Ao mesmo tempo, o país apresenta desafios estruturais que reforçam o potencial de ganho de eficiência. Um exemplo está na pecuária leiteira: o Brasil possui cerca de 12% das vacas do mundo, mas responde por apenas 4% da produção global de leite.
Esse descompasso reforça a tese de investimento da companhia: há espaço relevante para ganhos de produtividade via tecnologia.
Cultura e risco como motores de crescimento
A expansão da MSD no Brasil também passa por uma agenda interna. A empresa destina cerca de 20% do faturamento à inovação, cerca de R$ 400 milhões, com foco em soluções capazes de substituir modelos existentes.
“Buscamos inovação que torne obsoleto o que já existe”, afirma o executivo.
A estratégia inclui incentivo ao risco, diversidade de pensamento e desenvolvimento individual. Um exemplo simbólico citado por Bolis é o de um colaborador com deficiência visual que atingiu R$ 6 milhões em vendas mensais por canais digitais.
A operação brasileira hoje reúne cerca de mil colaboradores e constantemente traz renovações constantes aos trabalhadores através de um programa de treinamentos e cursos dentro da própria companhia, iniciativa conhecida como Universidade MSD.
O próximo salto: rastreabilidade e confiança
O avanço tecnológico converge para uma agenda mais ampla no agronegócio, com a rastreabilidade individual de bovinos, garantindo maior transparência à pecuária brasileira com seu rebanho de cerca de 238 milhões de animais, segundo o IBGE.

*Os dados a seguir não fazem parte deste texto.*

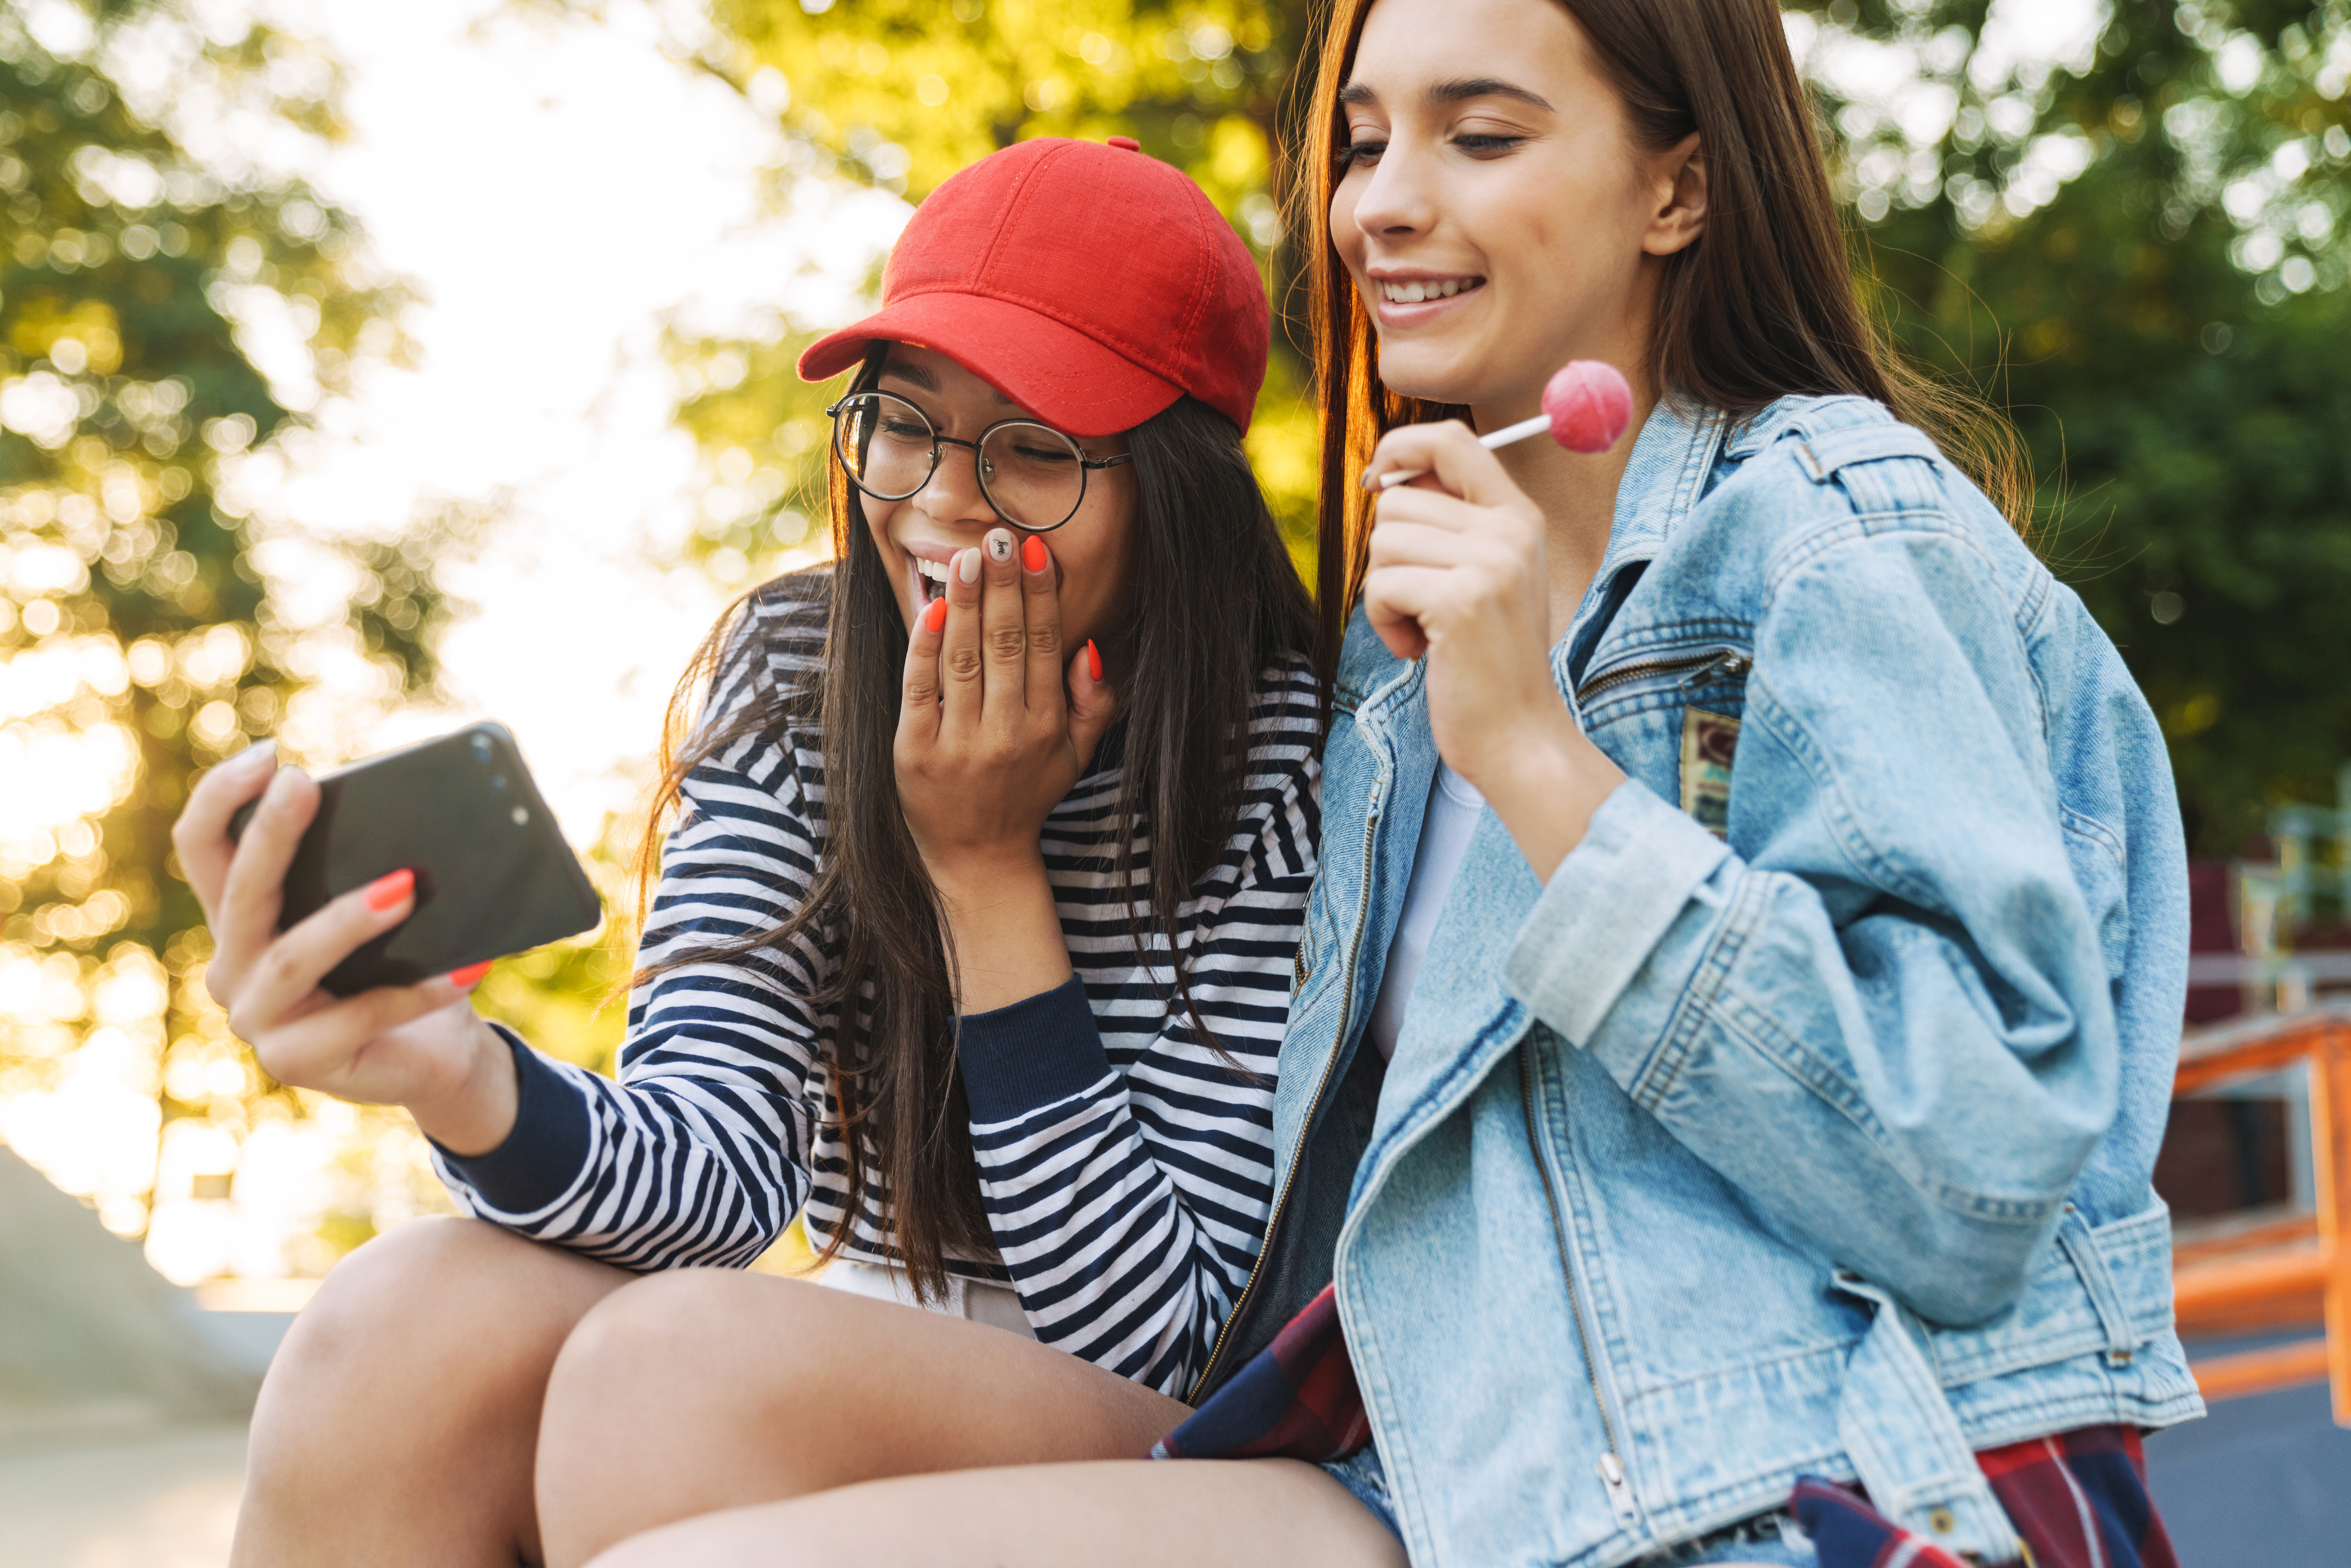 Two girls smiling while looking at a phone

O Plano Nacional de Identificação Bovina, do governo federal, prevê identificar 100% de todo este rebanho até 2032, criando uma base de dados robusta sobre origem, sanidade e histórico dos animais.

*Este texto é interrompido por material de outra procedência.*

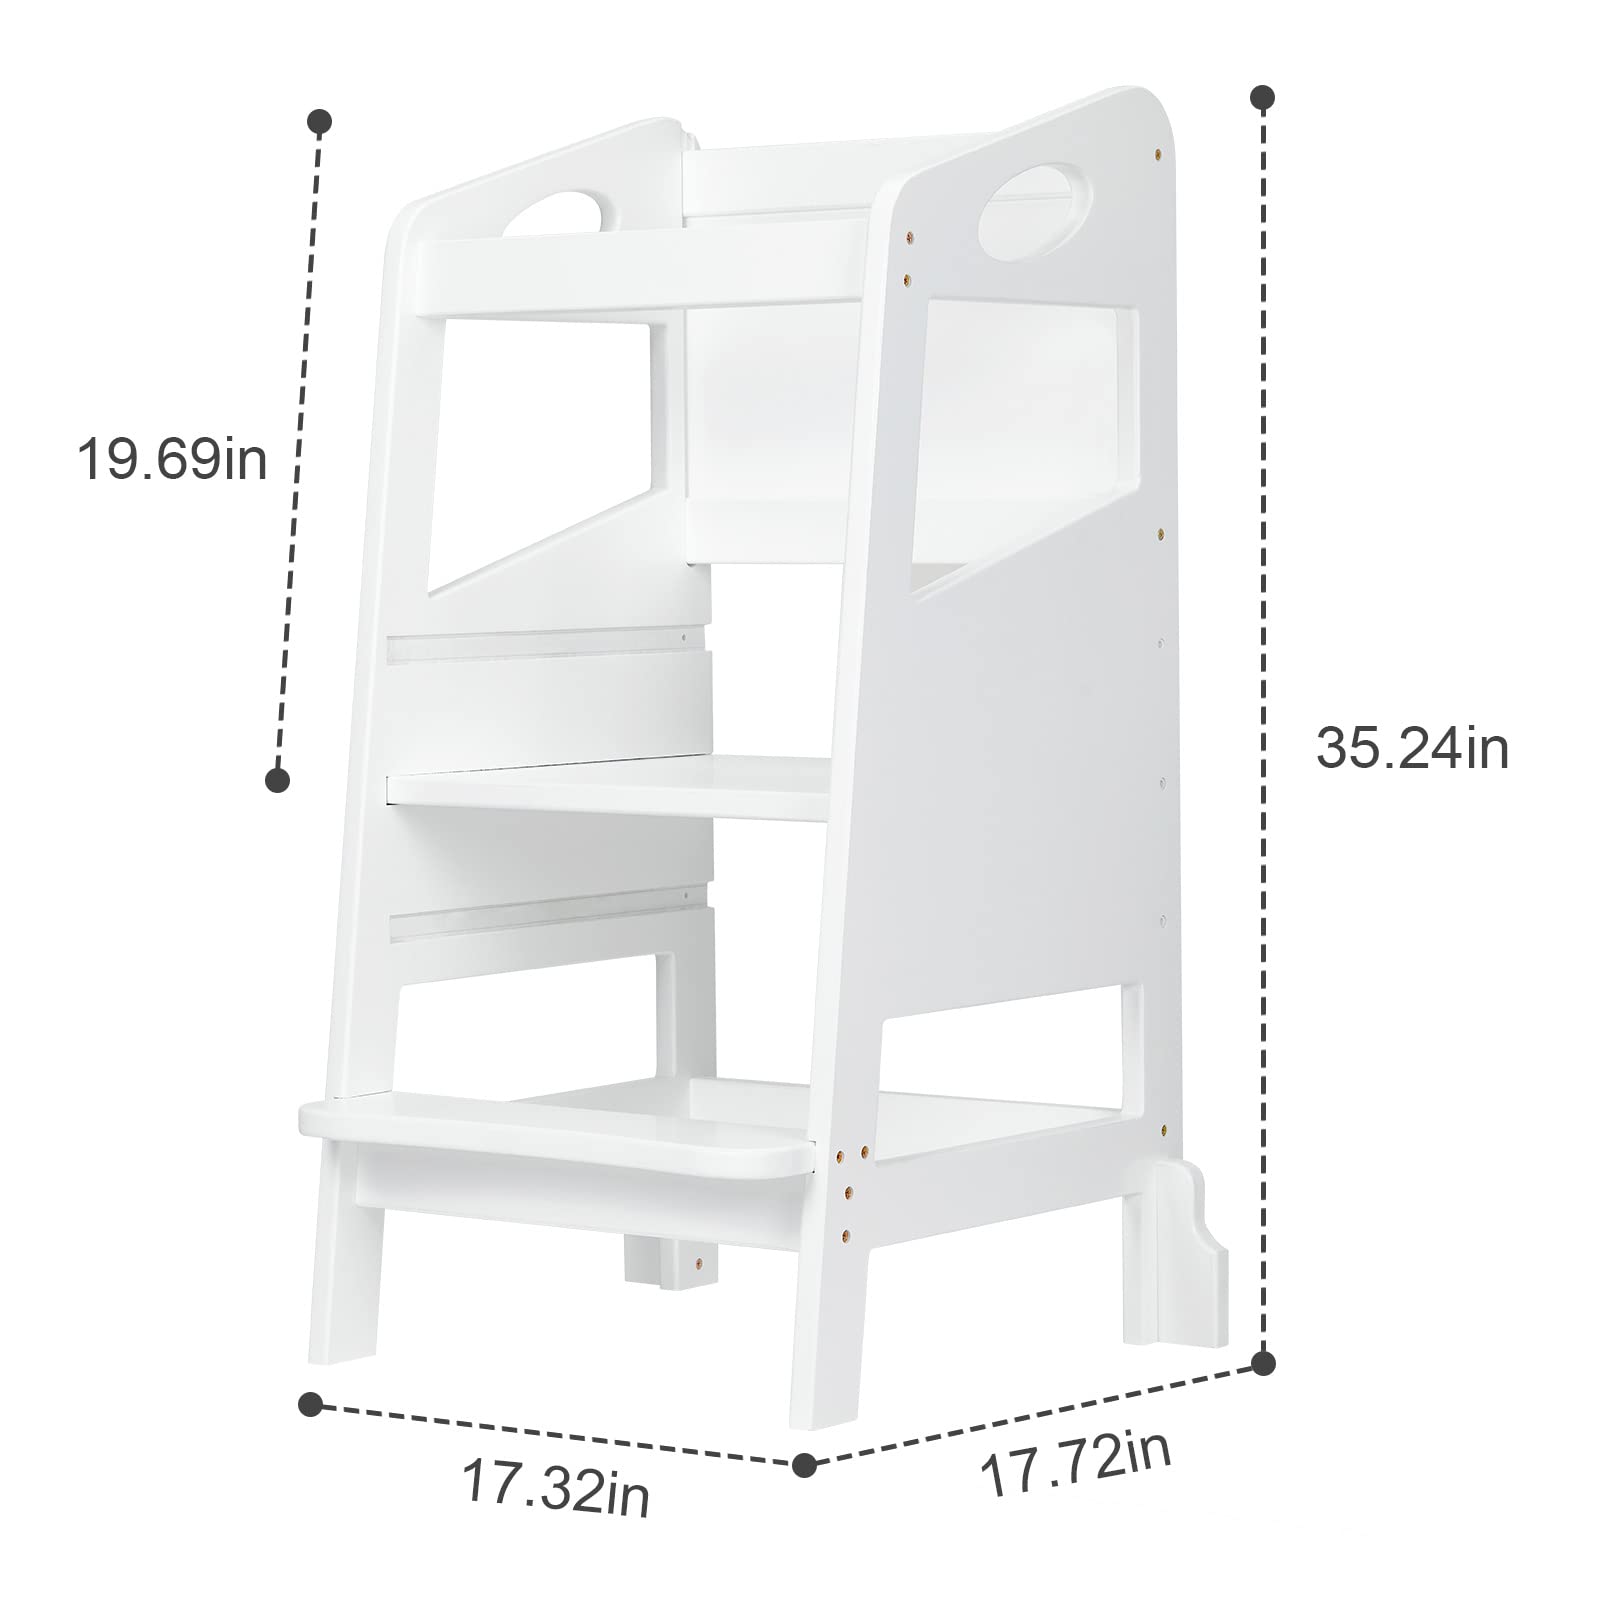 Wooden Toddler Tower for Learning,GAOMON Toddler Step Stool for Bathroom Sink&Kitchen Counter,Toddler Tower with Anti-tip Feet,Kitchen Little Helper Stool for Children,White

Para a MSD, esse movimento reforça a importância de suas soluções.
“A tecnologia permite registrar toda a vida do animal. Isso aumenta a confiança do consumidor e abre mercados”, afirma Bolis.

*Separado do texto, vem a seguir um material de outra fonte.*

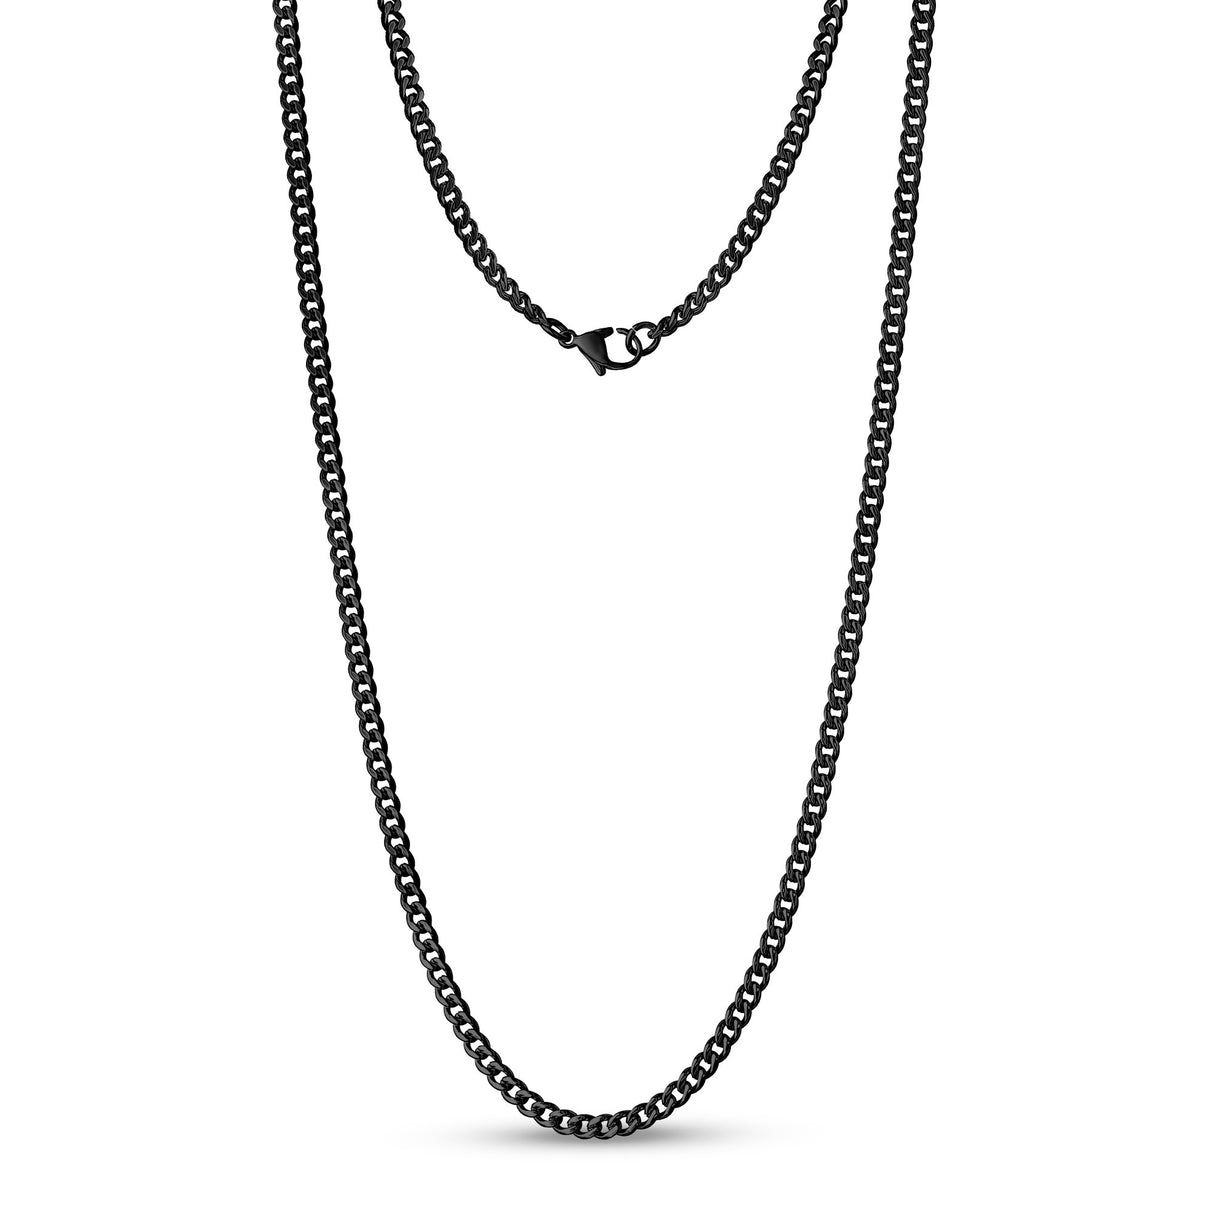 Stainless Steel Chain Necklace | ARMANI EXCHANGE Unisex

Entre indústria e tecnologia
Ao dobrar sua receita no Brasil, a MSD não apenas cresceu, ela mudou de natureza.
A biofarmacêutica segue como base do negócio, mas a tecnologia avança como vetor de diferenciação e expansão. No modelo descrito por Bolis, trata-se de uma operação “ambidestra”: enquanto o core sustenta a receita, a inovação redefine o futuro.
“Não vendemos apenas medicamentos. Vendemos prevenção, bem-estar e produtividade”, diz.
A frase resume o reposicionamento e ajuda a explicar por que a companhia conseguiu crescer acima da média em um dos setores mais competitivos do agronegócio.